* EXTRACTED INFORMATION *
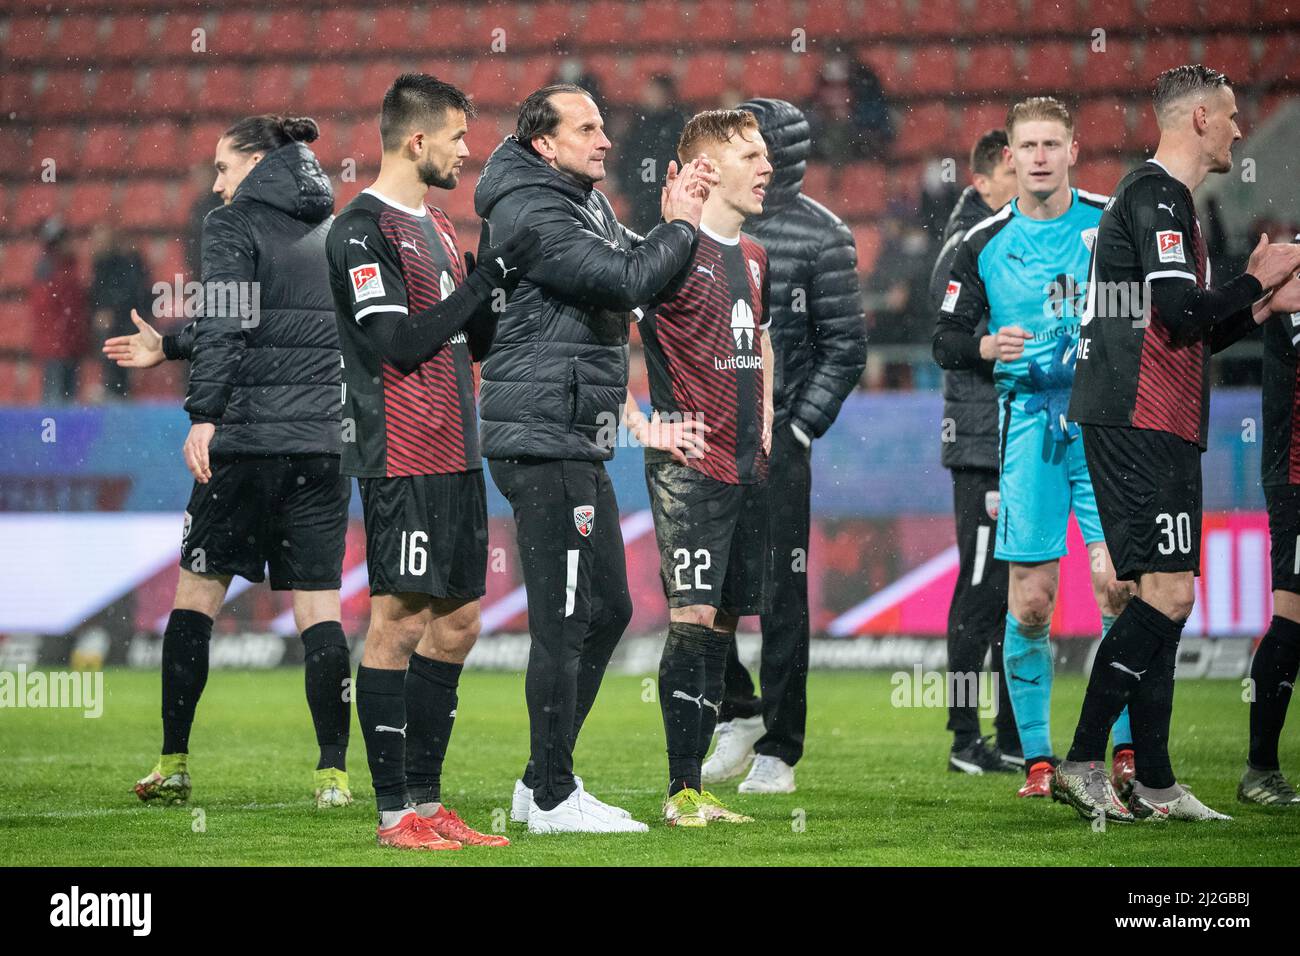 Ingolstadt, Germany. 01st Apr, 2022. Soccer: 2nd Bundesliga, FC Ingolstadt 04 - Erzgebirge Aue, Matchday 28, Audi Sportpark. Ingolstadt coach Rüdiger Rehm (2nd from left) celebrates with fans after the game. Credit: Matthias Balk/dpa - IMPORTANT NOTE: In accordance with the requirements of the DFL Deutsche Fußball Liga and the DFB Deutscher Fußball-Bund, it is prohibited to use or have used photographs taken in the stadium and/or of the match in the form of sequence pictures and/or video-like photo series./dpa/Alamy Live News Stock Photo
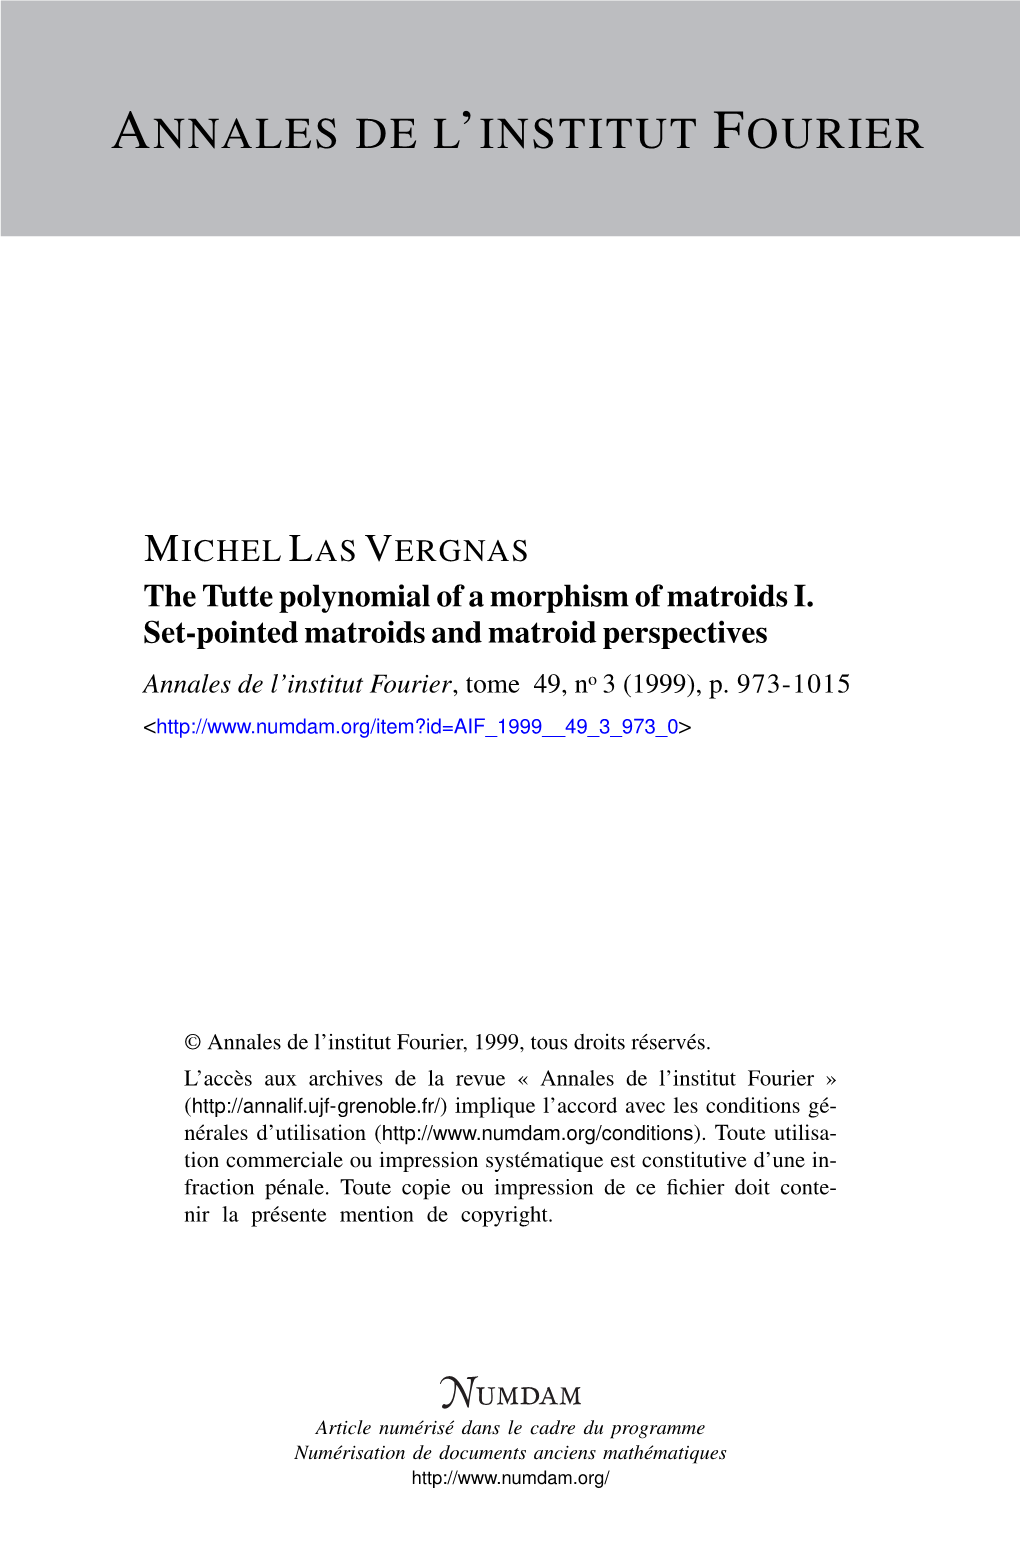 The Tutte Polynomial of a Morphism of Matroids I. Set-Pointed Matroids and Matroid Perspectives Annales De L’Institut Fourier, Tome 49, No 3 (1999), P
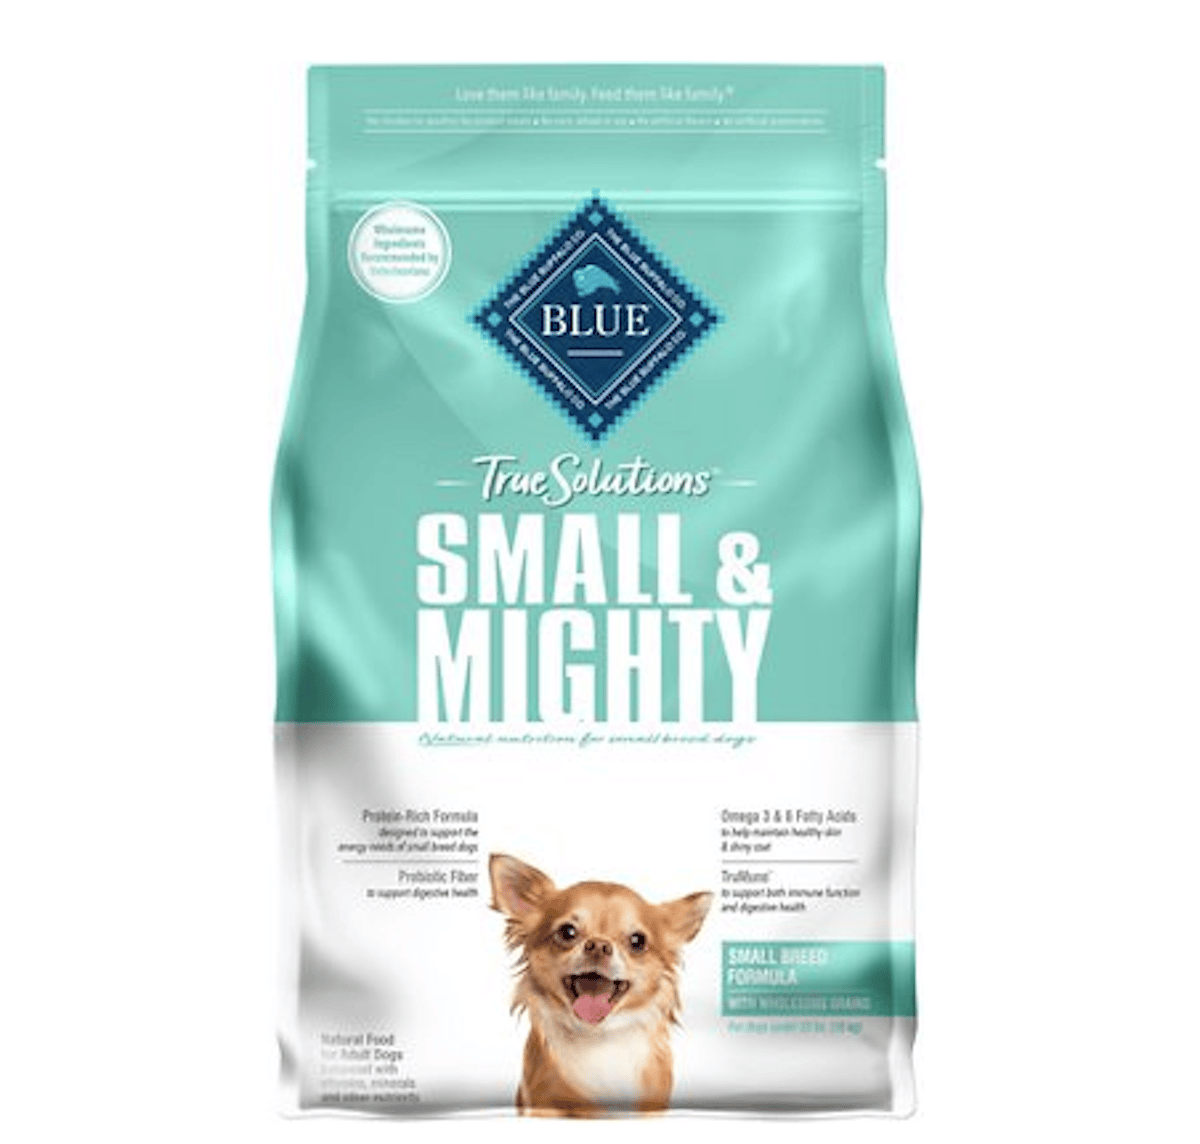 The 6 Best Dog Foods for Small Dog Breeds in 2021
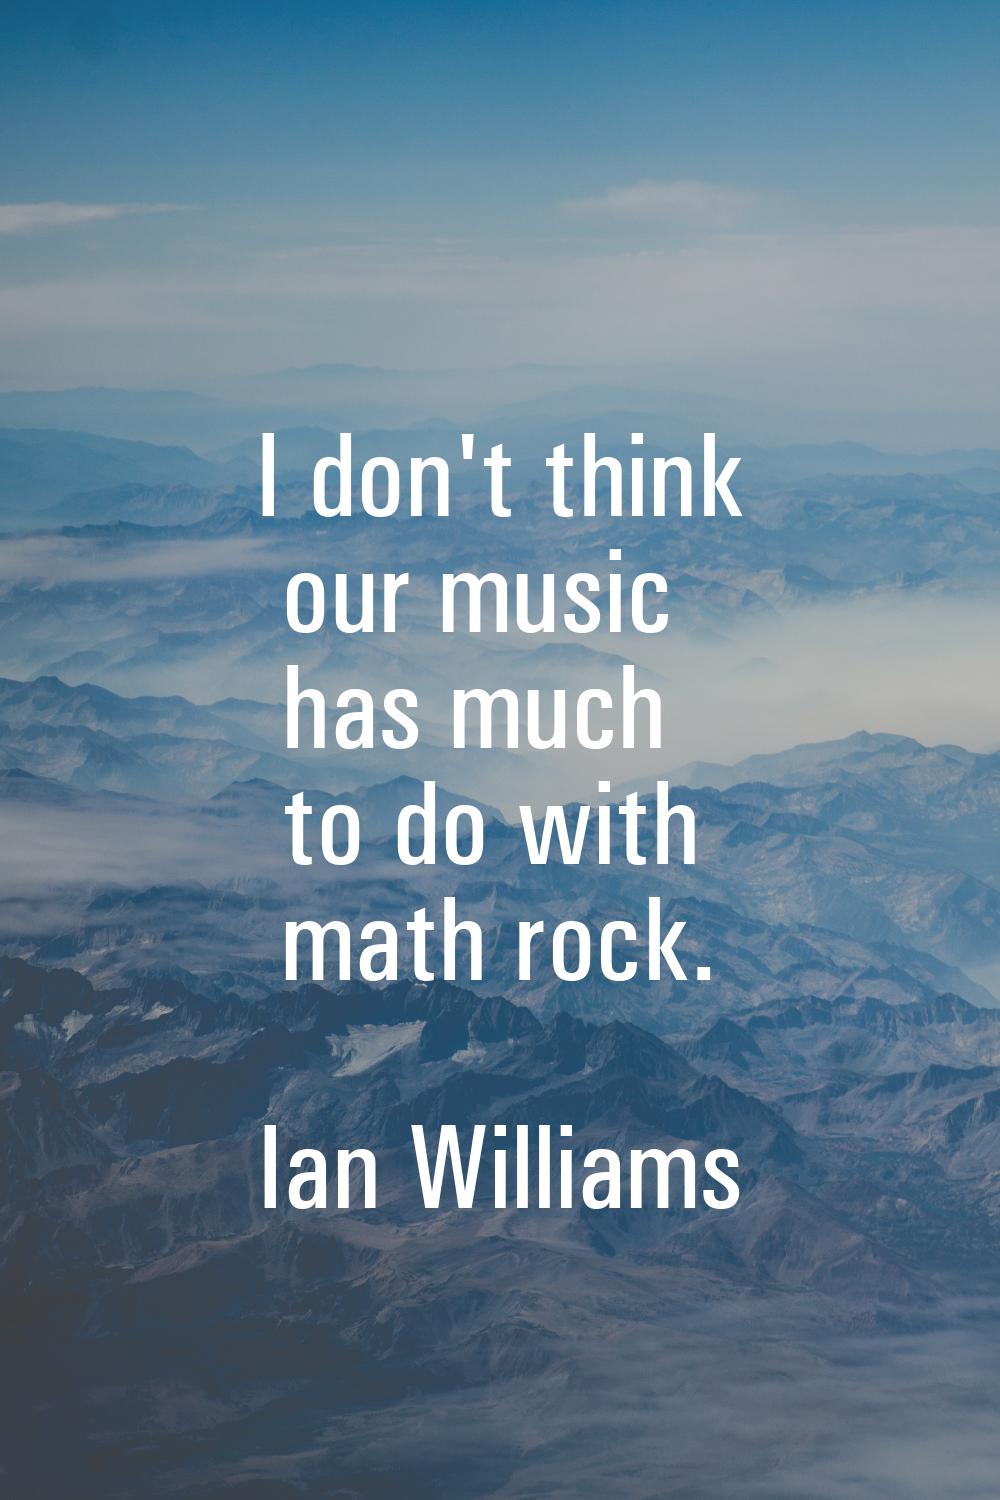 I don't think our music has much to do with math rock.
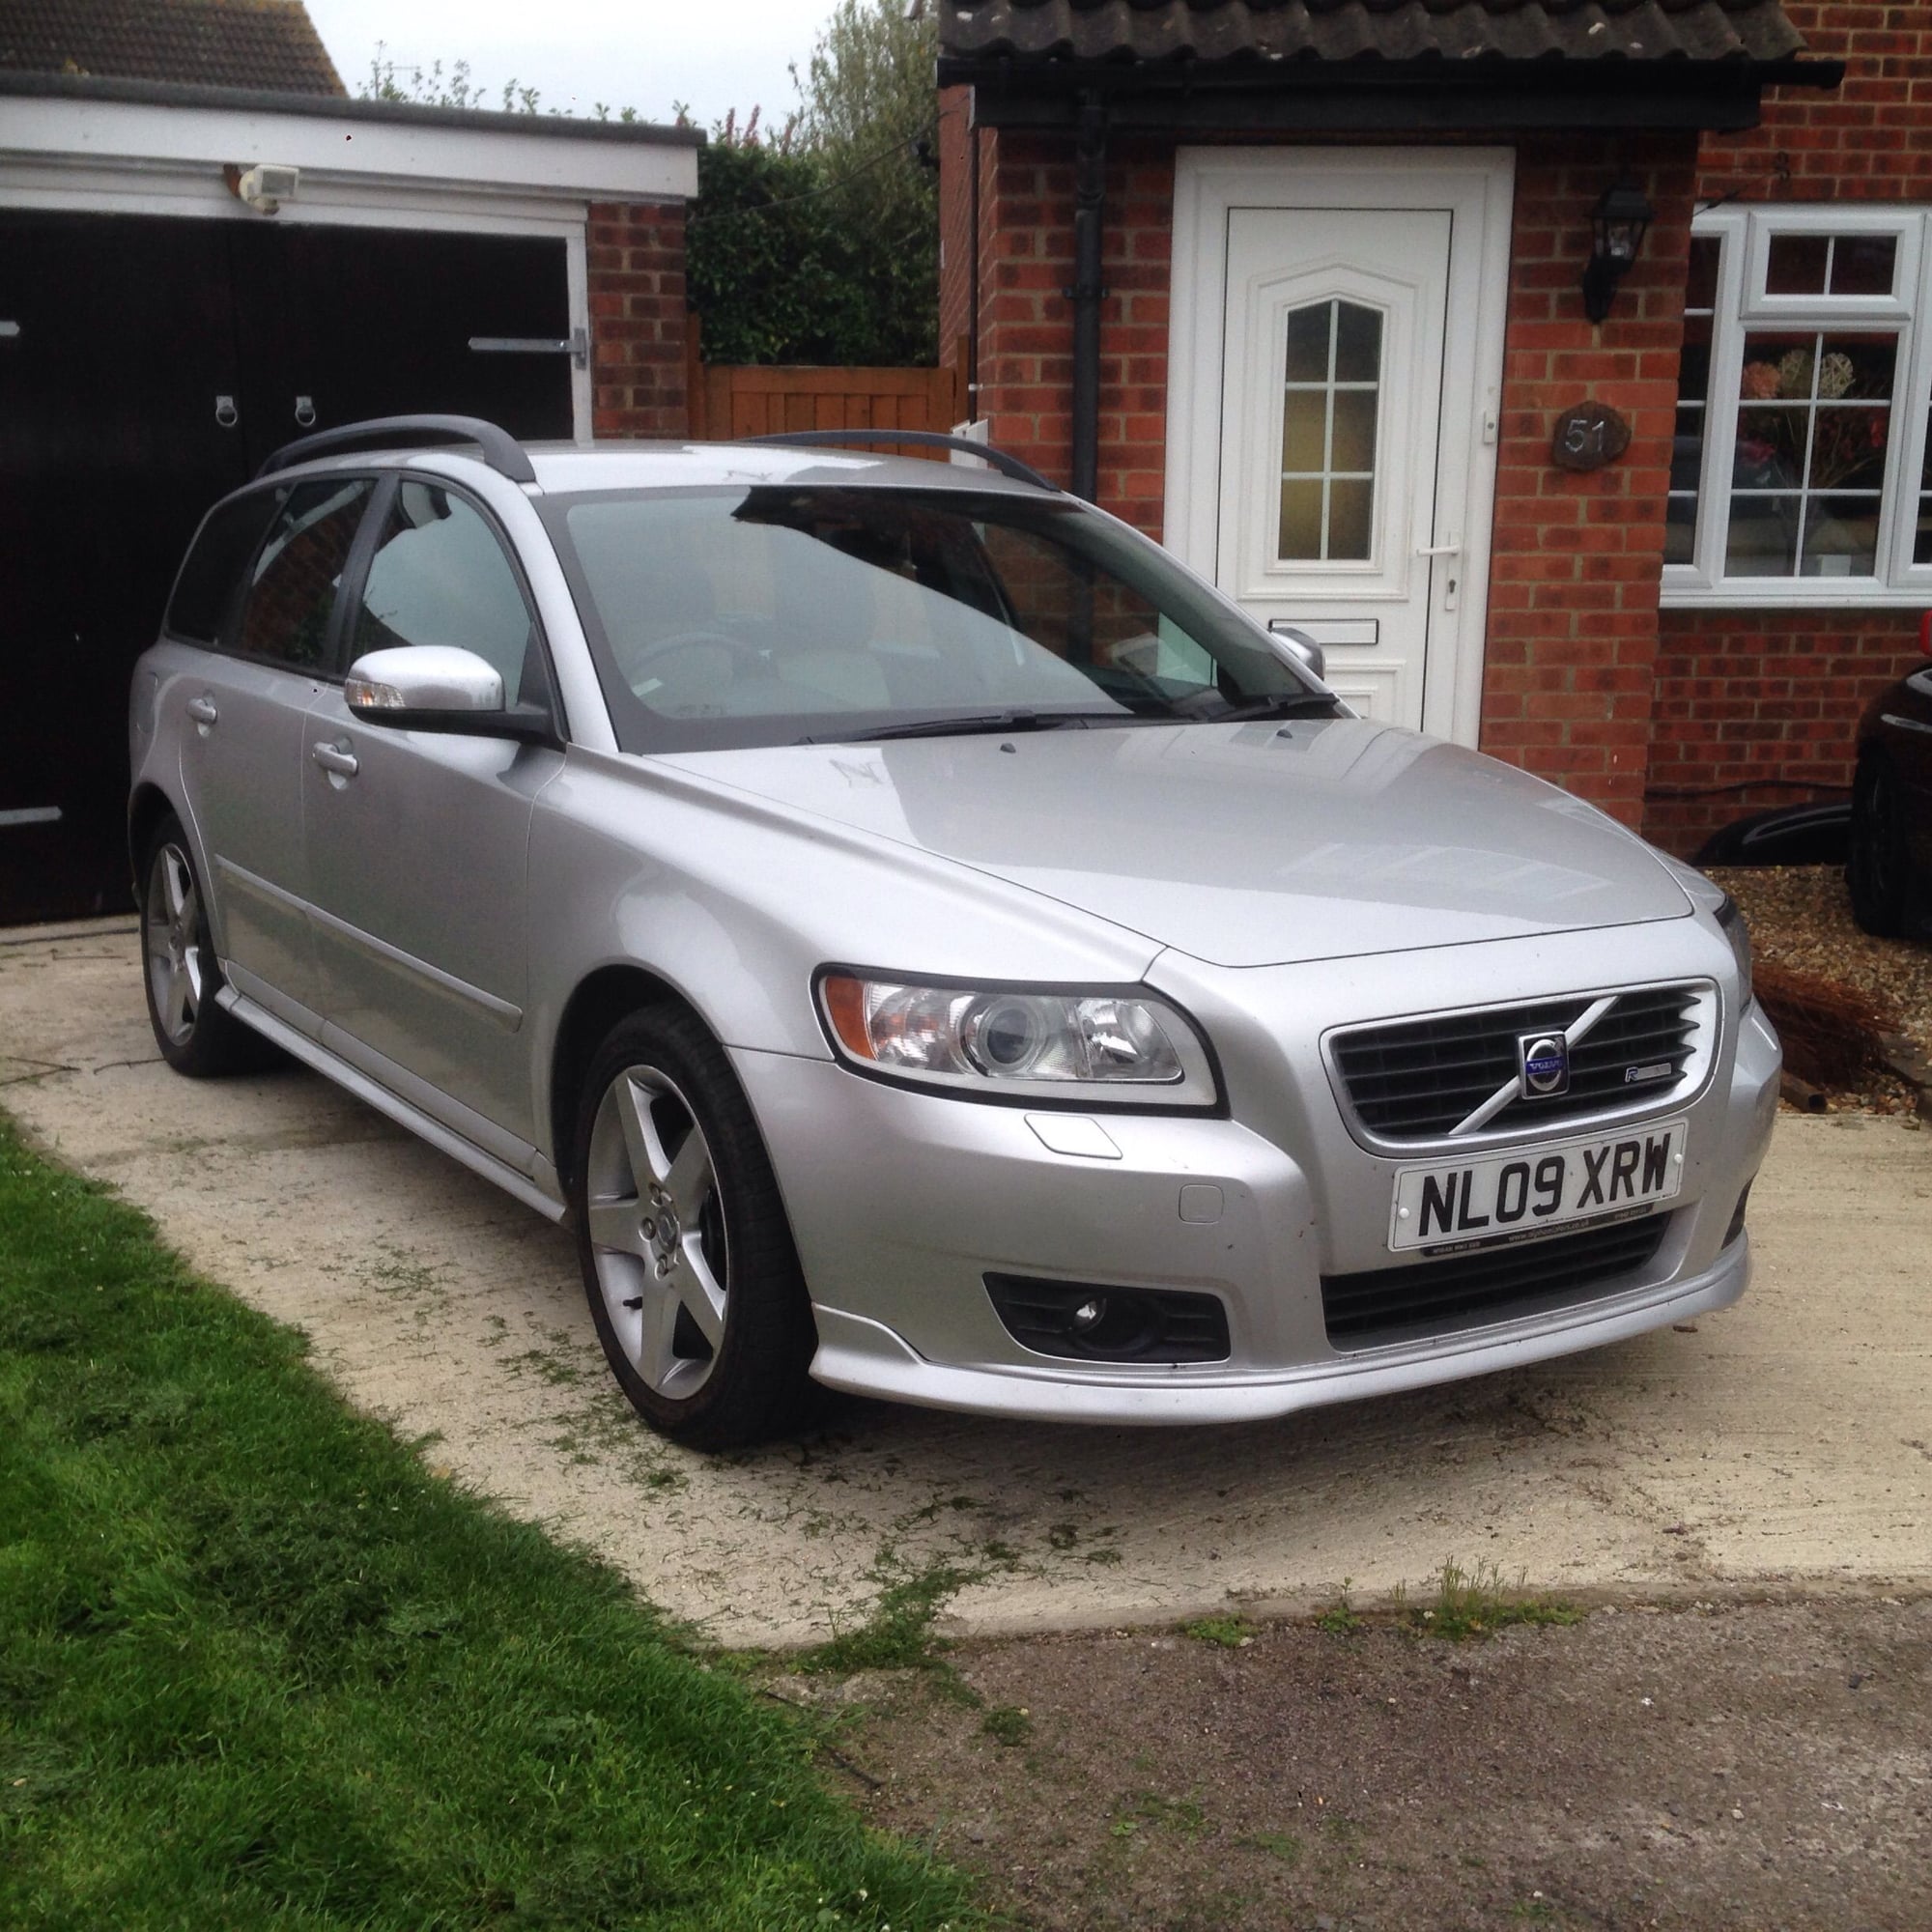 Thinking of buying a Volvo v50 any advice PassionFord

* TASK BRIEF *
Starting at the line that contains "The 6 Best Dog", extract each line through the last line of the material exactly as written, and include no pictures.

* EXERCISE SOLUTION *
 The 6 Best Dog Foods for Small Dog Breeds in 2021
 I don't think our music has much to do with math rock.
 Thinking of buying a Volvo v50 any advice PassionFord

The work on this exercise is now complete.